Records drawn from a dataset:
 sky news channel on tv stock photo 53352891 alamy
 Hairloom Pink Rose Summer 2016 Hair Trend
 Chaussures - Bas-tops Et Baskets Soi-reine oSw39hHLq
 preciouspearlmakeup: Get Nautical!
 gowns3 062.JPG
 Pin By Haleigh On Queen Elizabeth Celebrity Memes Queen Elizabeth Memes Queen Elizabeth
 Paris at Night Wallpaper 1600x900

• Exercise:
Go through the entries above and write each one out exactly.

• Solved problem:
 sky news channel on tv stock photo 53352891 alamy
 Hairloom Pink Rose Summer 2016 Hair Trend
 Chaussures - Bas-tops Et Baskets Soi-reine oSw39hHLq
 preciouspearlmakeup: Get Nautical!
 gowns3 062.JPG
 Pin By Haleigh On Queen Elizabeth Celebrity Memes Queen Elizabeth Memes Queen Elizabeth
 Paris at Night Wallpaper 1600x900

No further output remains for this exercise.